Thanks Jim.  Your story about BASIC and C reminded me of another "aha" moment.

My first programming job involving UNIX in the early 1980's was to send data to an IBM mainframe via 2780/3780 binary synchronous communications (BSC).

I started writing a HEX dump utility using BASIC.  I wasn't happy with the execution speed and started reading man pages.

I discovered C.  Having done some work with assembly, I immediately recognized the similarity and function as a "portable assembler".

By that time, UNIX had been ported to at least a dozen different architectures.

I was sold on the design, utility, and "openness" of the documentation, and have been working with nearly every flavor of *NIX ever since.

Cheers,

Jim



From: "Jim Geist" <velocityboy@gmail.com>
To: "Warren Toomey" <wkt@tuhs.org>
Cc: "The Eunuchs Hysterical Society" <tuhs@tuhs.org>
Sent: Friday, October 11, 2019 1:13:37 PM
Subject: Re: [TUHS] What was your "Aha, Unix!" moment?



On Thu, Oct 10, 2019 at 4:56 PM Warren Toomey <wkt@tuhs.org> wrote:
All, we had another dozen TUHS suscribers to the list overnight. Welcome.
A reminder that we're here to discuss Unix Heritage, so I'll nudge you
if the conversation goes a bit off-topic.

So I'll kick off another thread.

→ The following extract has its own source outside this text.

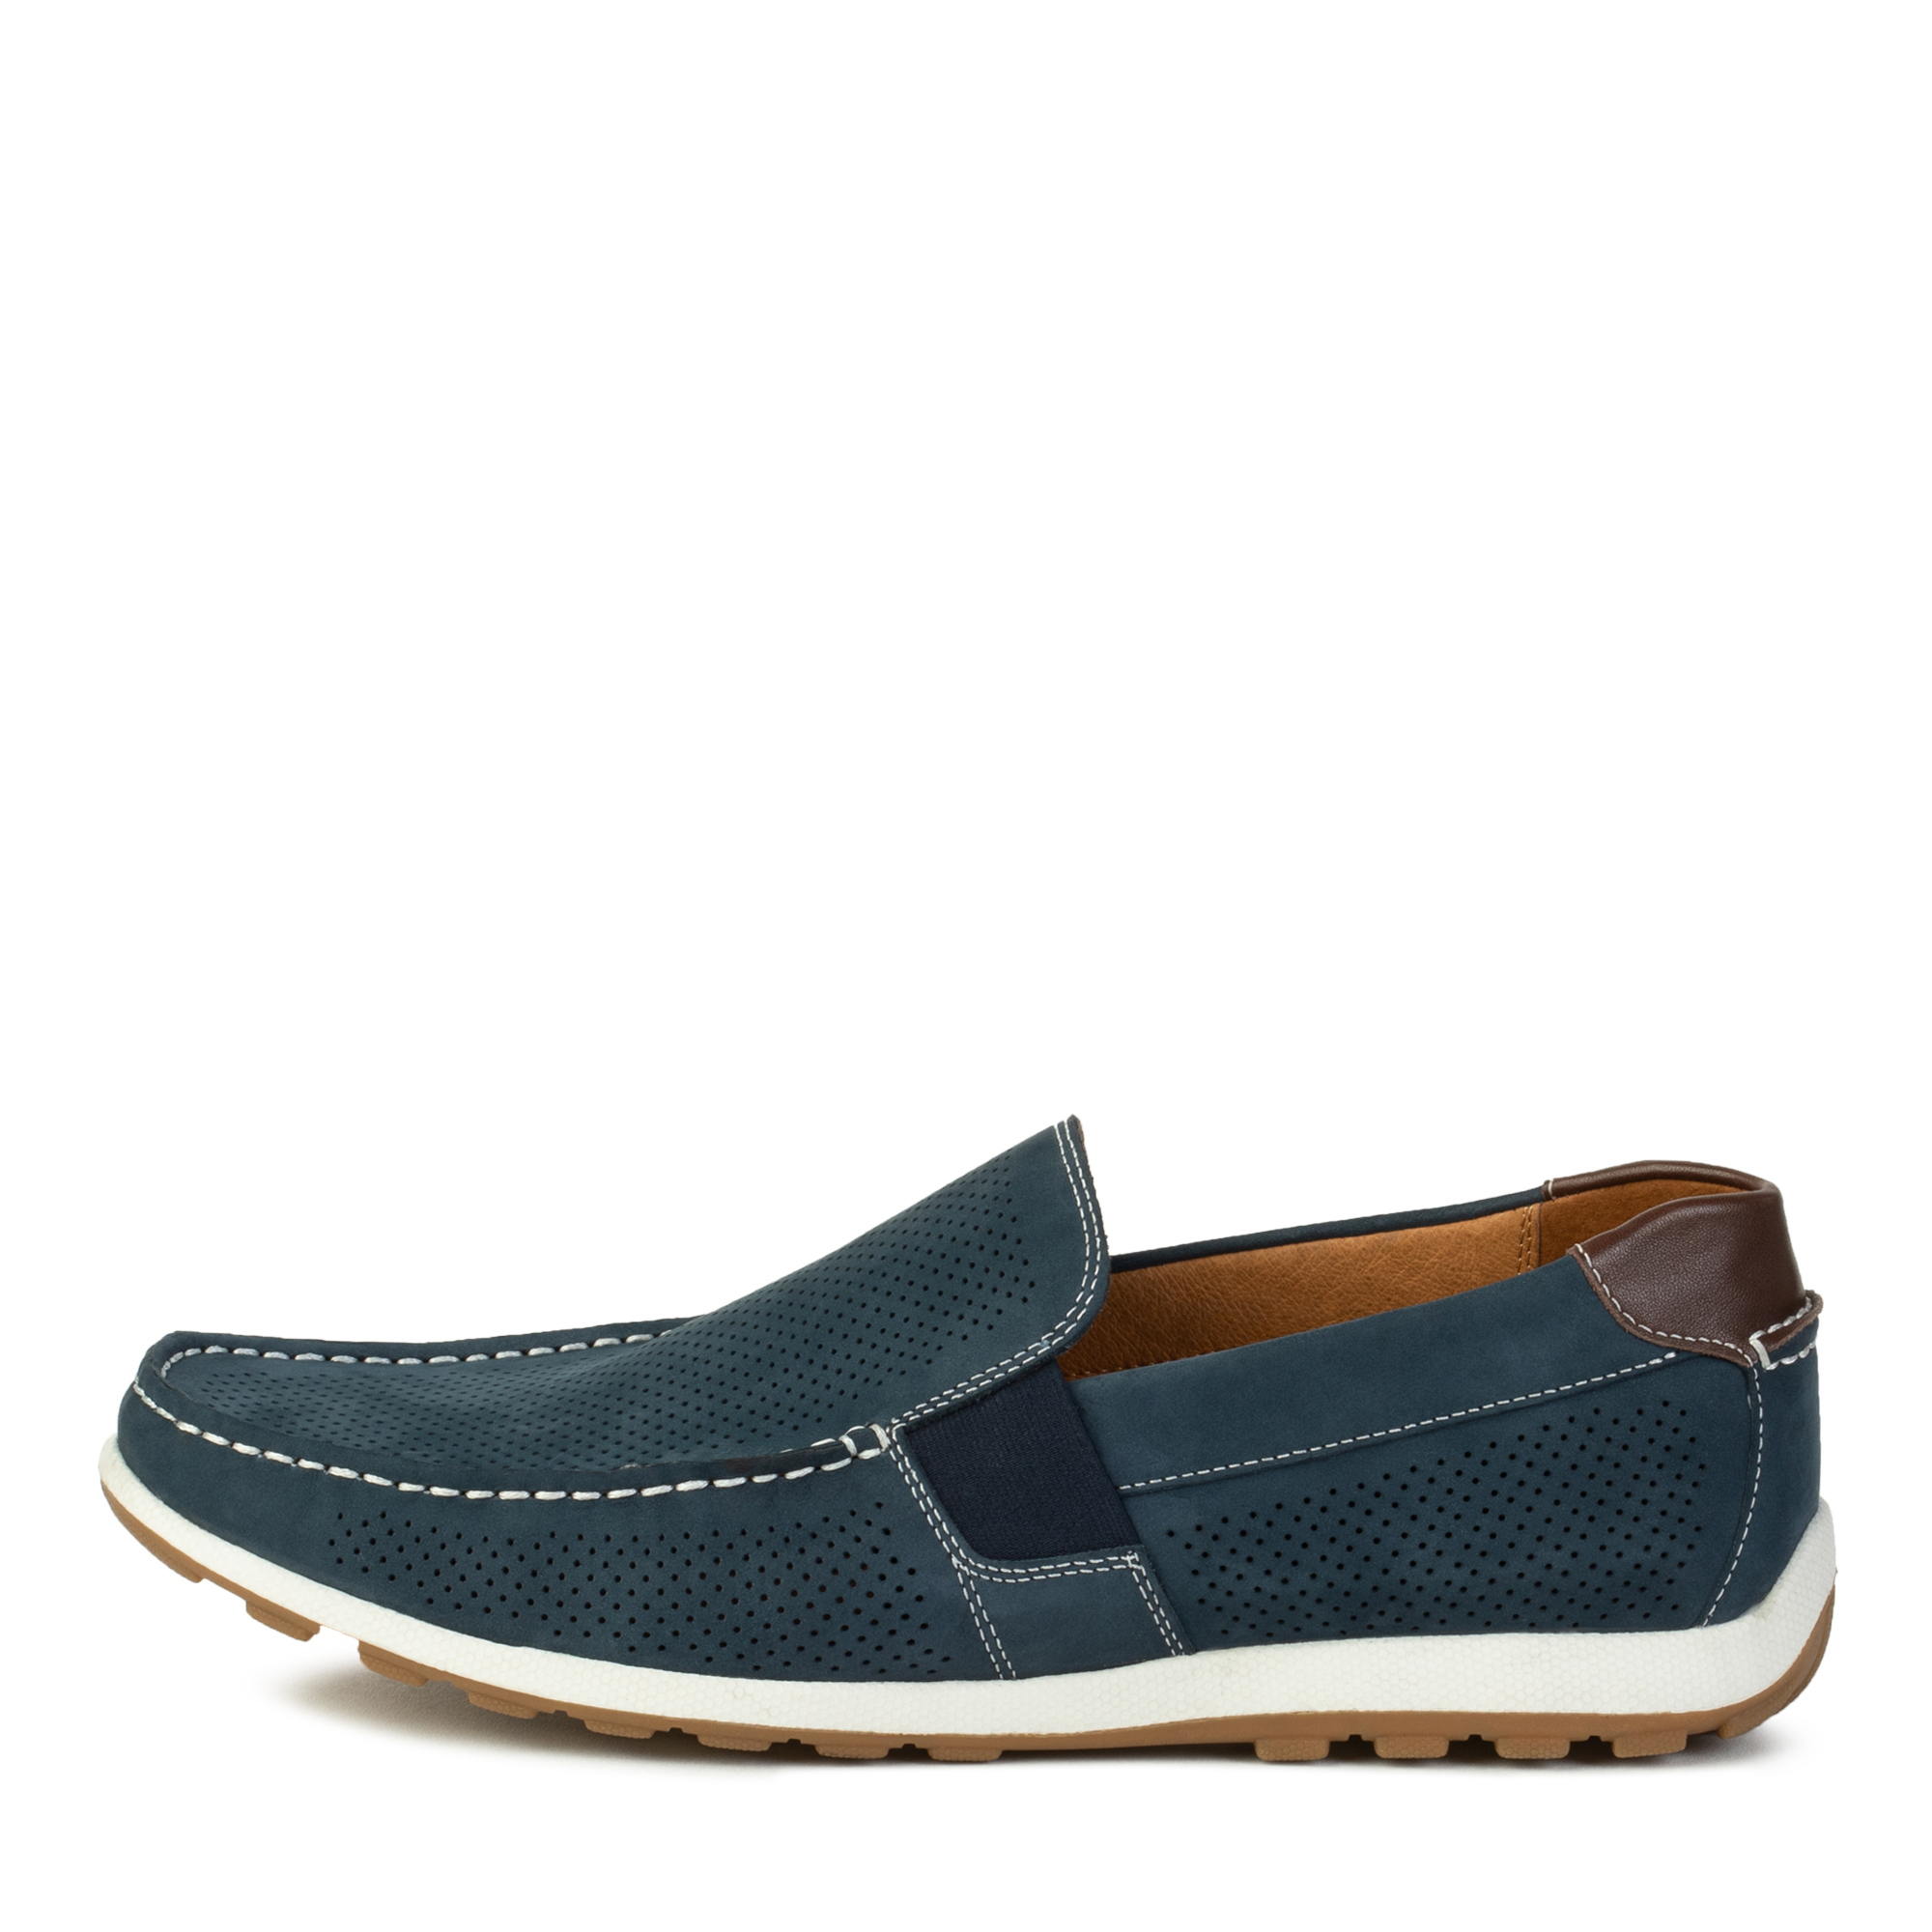 Туфли/полуботинки Thomas Munz 058-124C-1603, цвет синий, размер 44

What was your "ahah" moment when you
first saw that Unix was special, especially compared to the systems you'd
previously used?

Mine was: Oh, I can:
  + write a simple script
  + to edit a file on the fly
  + with no temporary files (a la pipes)
  + AND I can change the file suffix and the system won't stop me!

I was using TOPS-20 beforehand.

Cheers, Warren

As an undergrad in the 80's. Before college most of my experience had been on various flavors of BASIC, with the one exception being a summer spent at a science camp where I did Pascal on an Apple ][ and other programming assignments on VMS.

My college had a big schism between the computer services department that serviced the whole school -- they ran an IBM 4341 with VM/SP -- and the actual computer science department that ran UNIX on a VAX-11/780. Undergrad classes were mostly on the mainframe and grad students used the VAX. I learned C on the mainframe but was able to talk my way into a UNIX account and started seeing how much more elegant things were.